Jika kalian bertanya apakah aku menyukainya? Aku hanya bisa menjawab bahwa aku tidak membenci Emi dan aku tidak membenci bayangan masa depan dimana kami bersama. Jujur saja bahkan aku cukup menyukai masa depan yang seperti itu. 

Aku tidak pernah jatuh cinta, jadi aku tidak tau bagaimana rasanya. Tapi berdasarkan pencarian ku di internet dan pendapat dari netizen. Seseorang bisa dikatakan mencintai individu lainnya saat orang itu terus menerus memikirkan orang yang mungkin disukainya itu. Memikirkannya membuat orang itu senang dan merasa puas. Ia tidak ingin melihat orang yang disukainya bersedih atau kesakitan, ia ingin membuat orang yang disukainya itu bahagia dan rela memberikan apapun agar orang tersebut dapat tersenyum. 

Meskipun belum sampai ke tahap rela memberikan dan mengorbankan segalanya untuk Emi, namun tidak dapat kupungkiri jika setiap hari aku selalu memikirkan Emi. Menanti kapan kami dapat bertemu di dalam mimpi dan tanpa sadar tersenyum sangat melihat tingkahnya yang selalu mengejutkan dan menawan. 
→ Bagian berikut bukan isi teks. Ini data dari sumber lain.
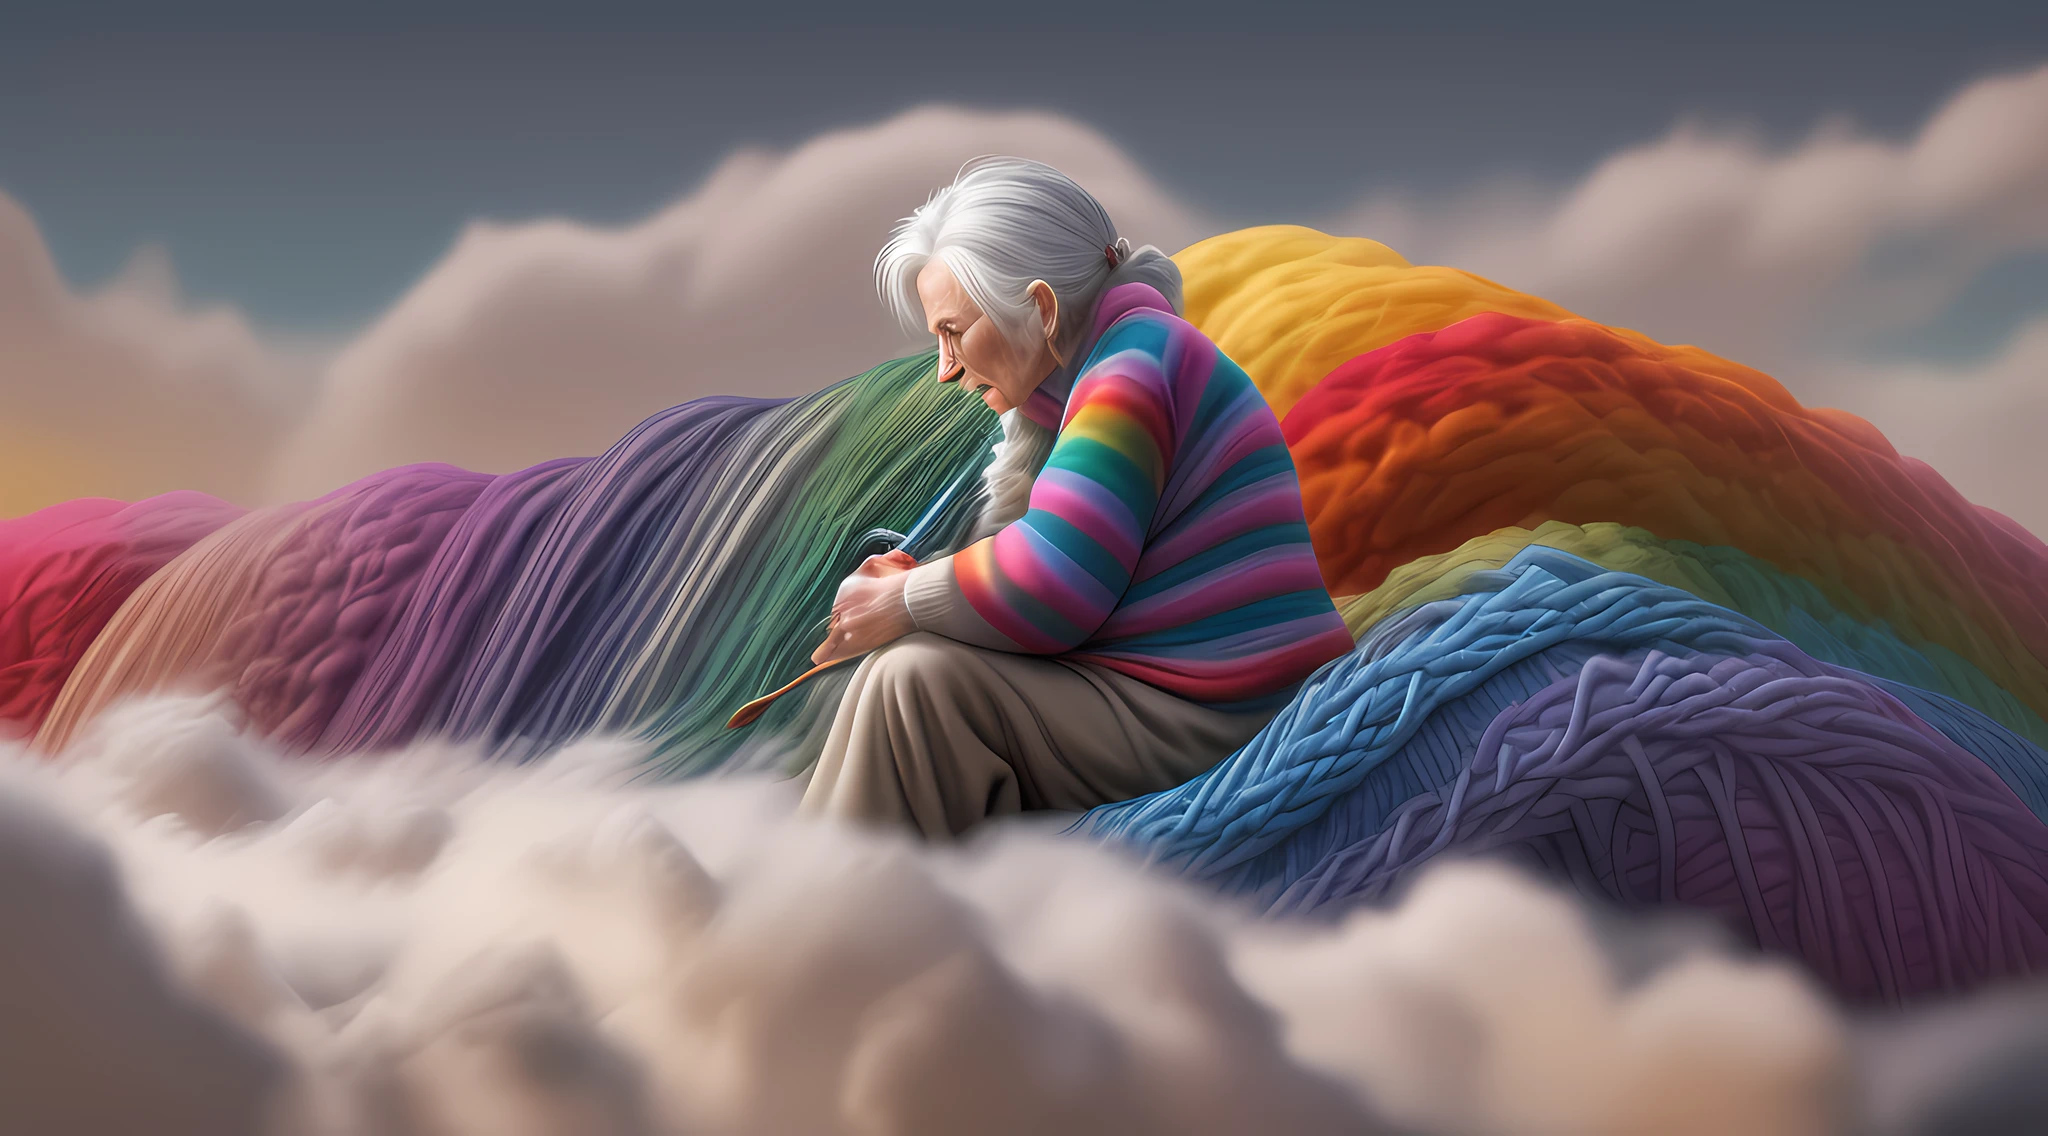 細部までこだわった, 最高品質, 16k, [超詳細], 傑作, 最高品質, dynamic のgle, 超ワイドショット, 生, 写実的な, fのtasy art, 写実的な芸術, a picture of a old womの sitting in heaven knitting the rainbow, の (old humの womの: 1.2) , ダイナミックヘア, ダイナミックな服, 雲の上に座って虹を編む, フルカラー, (完璧なスペクトル: 1.3),( vibrのt work: 1.4)  vibrのt shades of red, orのge, 黄色, 緑, 青, インジゴ, 編み物のバイオレット, 完璧な色, the rainbow falls into the sky from the old womの who knits, 16k, 超詳細, 傑作, 最高品質, 超詳細, 全身, 超ワイドショット, 写実的な, 3Dレンダリング

“Dih apaan senyum-senyum kayak gitu.” Senyum dramatis penuh aroma jahil muncul di wajah Lana. “Shei, kamu gabung dating apps ya?!” Tuduhnya tiba - tiba. 
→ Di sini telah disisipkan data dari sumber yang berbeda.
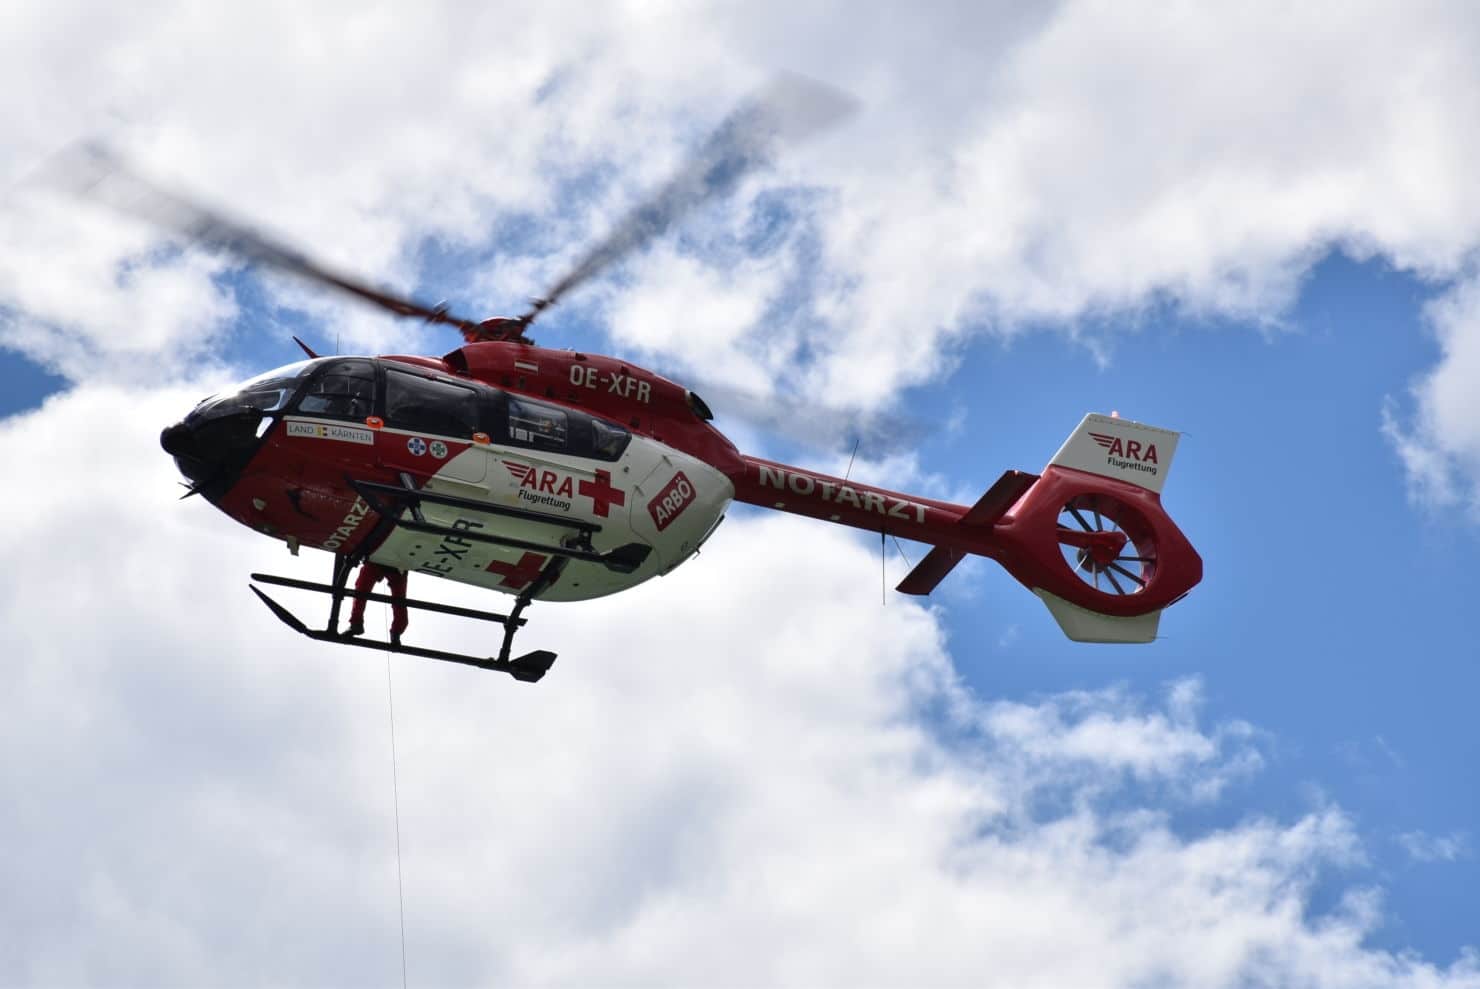 Der schwer verletzte 52-Jährige wurde nach medizinischer Erstversorgung vor Ort in das Klinikum Klagenfurt geflogen.

“Shustt… Makin hari makin asbun aja sih ini mulut.” Dengan gemas aku membuat pose mengepalkan tangan dan memukul bahu Lana pelan. 

“Ya makanya minggu ini kamu mau ketemuan sama siapa? Punya temen baru? Yaudah sih sini cerita.” Lana dengan sikapnya yang entah kenapa terdengar seperti orang tua ku itu lanjut berbicara. 

“Bukan ketemu siapa-siapa. Sejak kapan sih aku harus ngasih tau kalau mau ketemuan sama orang?” Balas ku mulai salah tingkah, mencari alasan dengan sedikit rasa tidak mau kalah.

“Sebenernya enggak perlu. Tapi gara-gara kamu gak mau bilang malah aku jadi makin penasaran!” Jawab Lana ikut tidak mau kalah. 

“Kalo kamunya maksa malah aku makin gak mau!!” Ucapku dengan keras kepala. Sambil memajukan bibirku untuk mencibir Lana yang terlihat semakin penasaran dengan janji yang aku buat minggu ini. 

 “Udah tuh dipanggil tuh. Kak Lana adek-adeknya nyariin.” Sindir ku dengan nada suara yang sengaja dinaik turunkan.